During Cameroon Visit, French President to Discuss Security, Food and Fuel Shortage

Bulldozers raze makeshift market stalls and buildings Monday morning in Tongolo, a neighborhood in Cameroon’s capital Yaounde.

Among the several hundred stall owners is Julio Evina.

Evina says it is regrettable that officials are destroying businesses along some major streets in the capital Yaounde and rendering families hungry simply because French President Emmanuel Macron will be visiting Cameroon. He says if not for Macron’s visit, he is certain that the government would not have filled potholes that have been causing accidents on roads in Yaounde.

France says Macron will discuss the food crisis in Africa provoked in part by Russia’s war in Ukraine, as well as the challenges in increasing agriculture production in Africa and an upsurge in insecurity.

Cameroon faces Boko Haram terrorism that has killed over 30,000 people and displaced two million within 10 years in its northern border with Chad and Nigeria. The central African state also faces separatist conflicts that have killed at least 3,300 people and displaced more than 750,000 in 5 years according to the U.N.

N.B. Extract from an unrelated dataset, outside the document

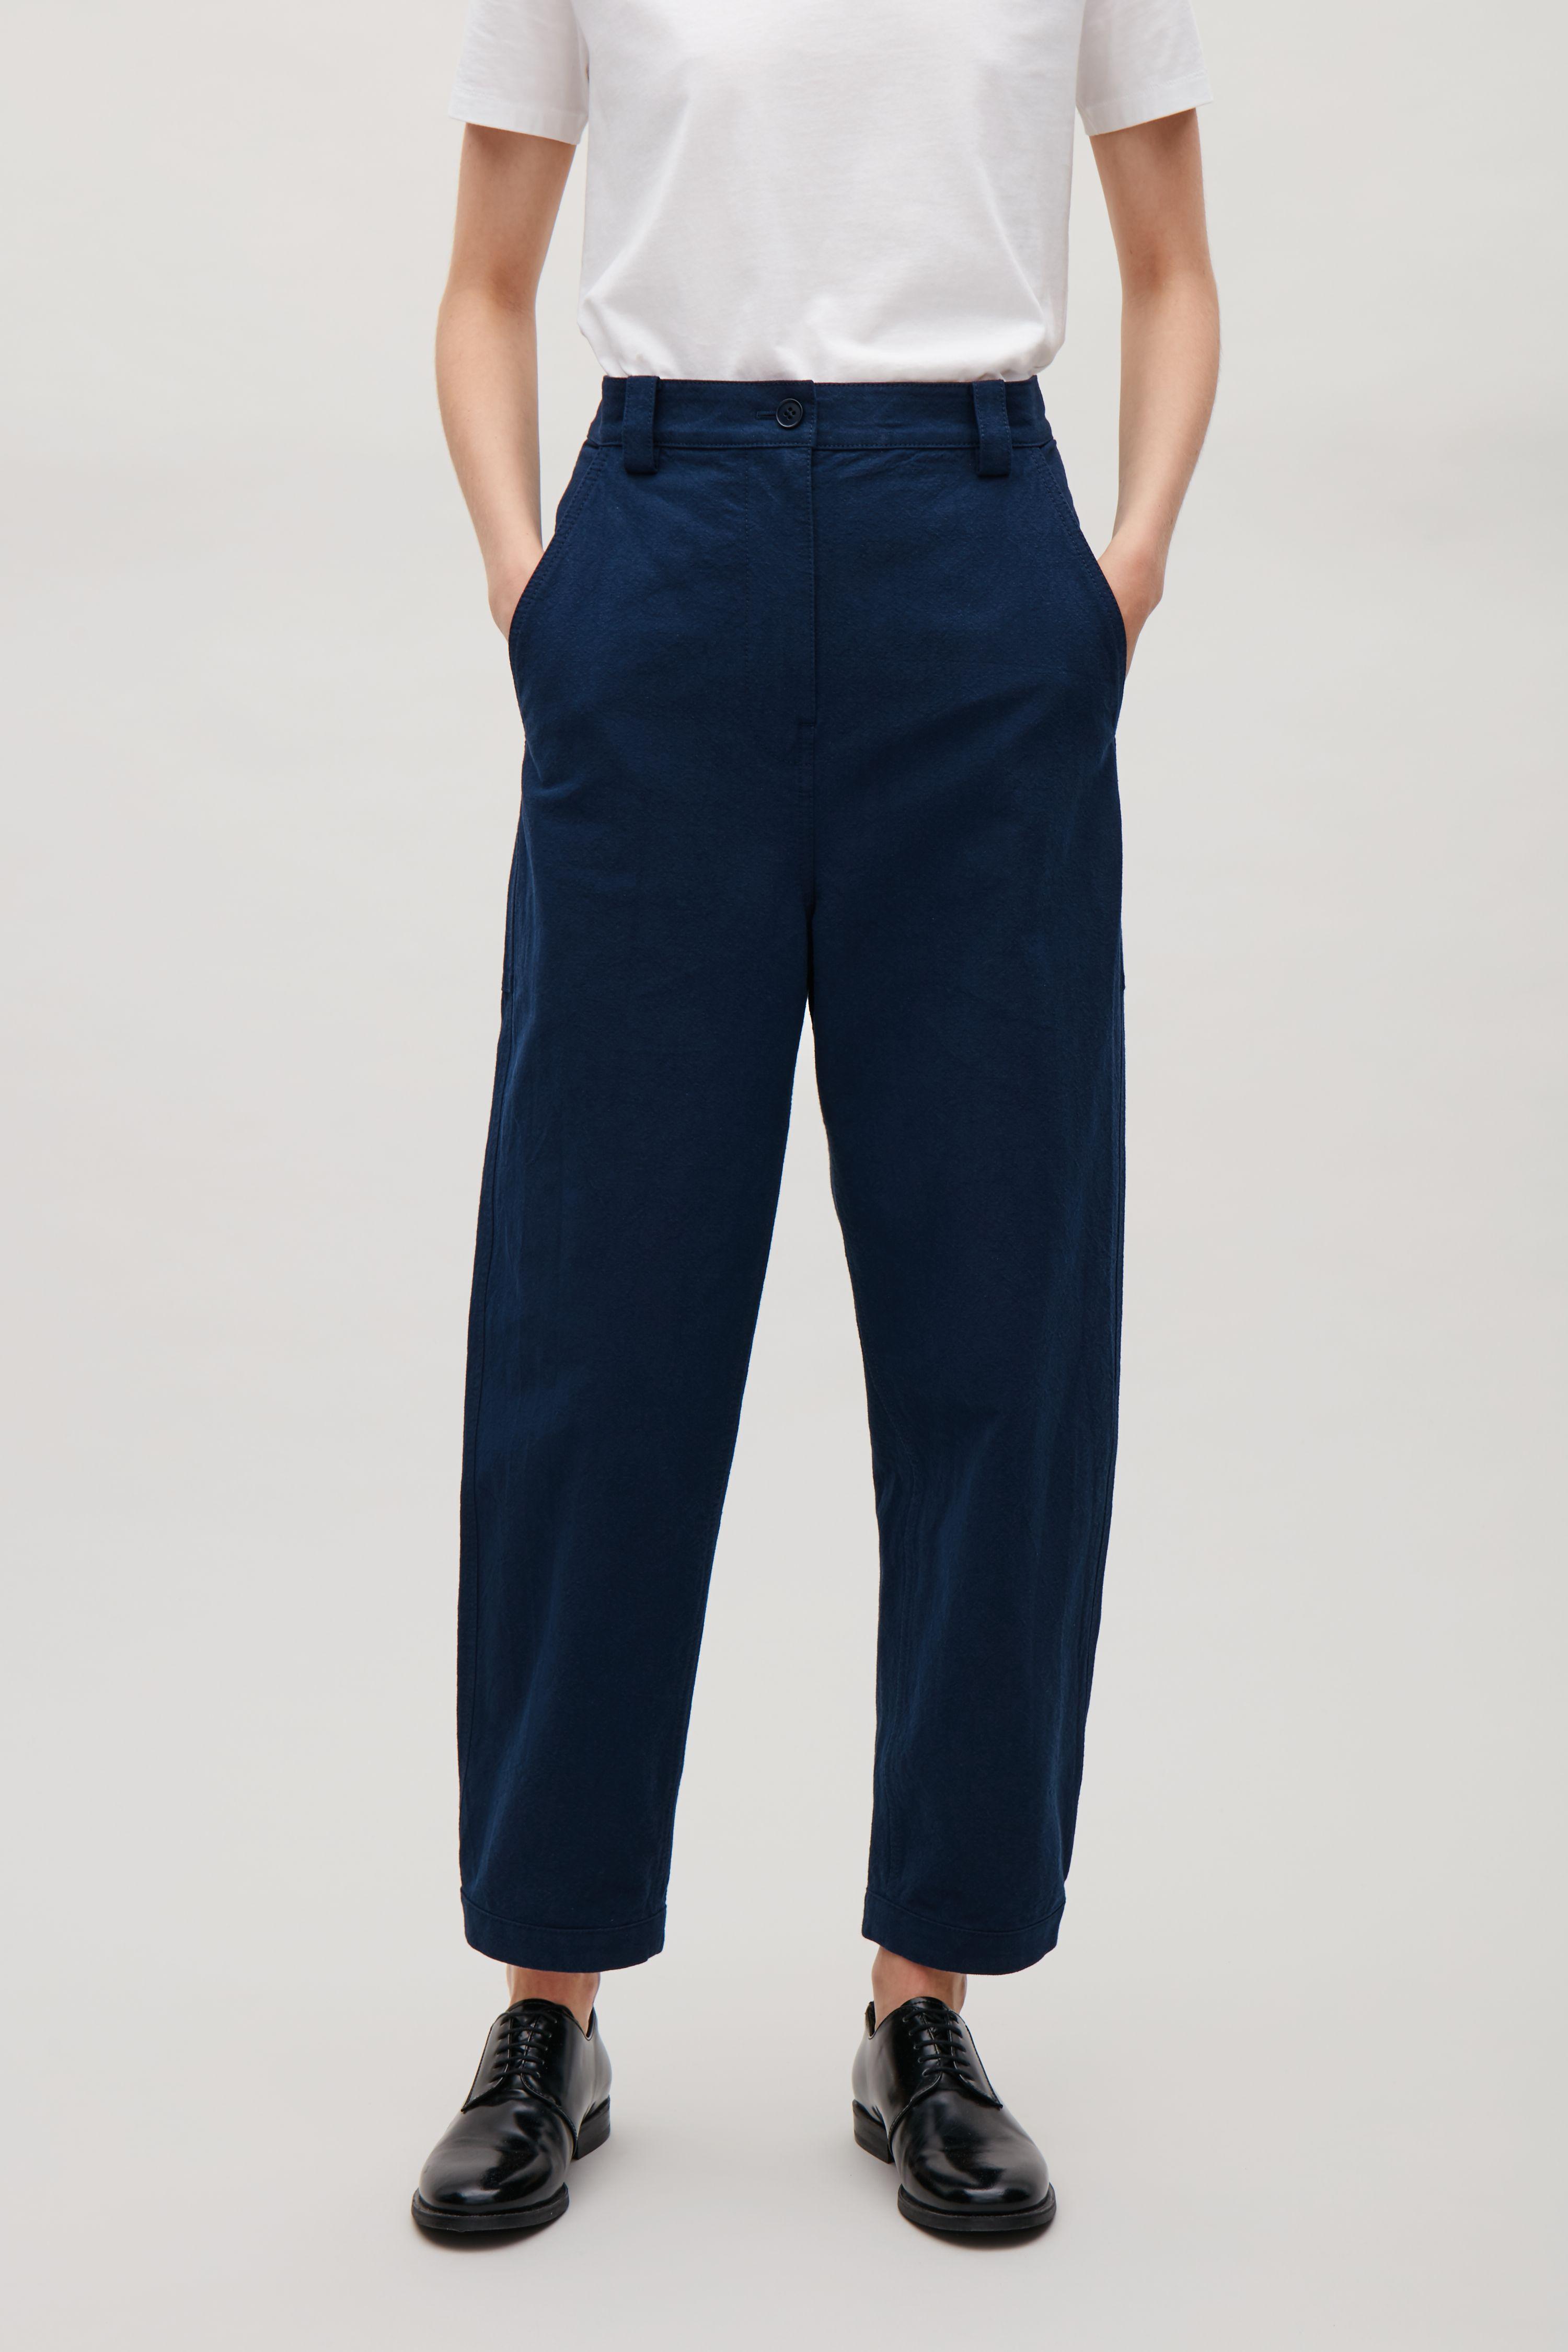 COS Cotton Trousers With Button Cuffs in Navy (Blue) - Lyst

Capo Daniel is the deputy defense chief of the Ambazonia Defense Forces, or the ADF, one of the separatist groups. He says the ADF hopes Macron will ask Biya to end the use of force as a solution to the separatist crisis in Cameroon’s English-speaking regions.

“One of our factions in our liberation movement called for lockdown as a means to protest Emmanuel Macrons visit, but other movements will be watching this event with the hope that Emmanuel Macron will be pushing Paul Biya to choose the path of peaceful resolution of the war.”

Politicians and civil society groups say they will discuss with Macron the possibility of a peaceful transition in Cameroon. Eighty-nine-year-old President Paul Biya has been in power for close to 40 years and critics accuse him of rigging elections to prolong his power until he dies. The government says he has always won democratic elections.

France says after Cameroon, Macron will visit Benin and Guinea Bissau.

Ejani Leornard Kulu, a political scientist and an analyst at the U.N.-sponsored University for Peace Africa Program in Addis Ababa, says Macron is expected to review his country’s economic, political and security ties with Africa. Kulu adds that African countries that have agreements with France are now seeking profitable partnerships with other world economies.

“We saw the president of the African Union and the African Commission going to Russia to see how cereals will not be blocked for Africans to have food. If we take the case of Cameroon signing a defense treaty with Russia, Cameroon surrendering mines exploitation to China, questions French positioning and even gives a sentiment of anti-French. So, France wants to reposition itself against other partners like China, like Russia.”

The government of France says Macron is accompanied by the French ministers of foreign affairs, armed forces and foreign relations, as well as the French secretary of state for development.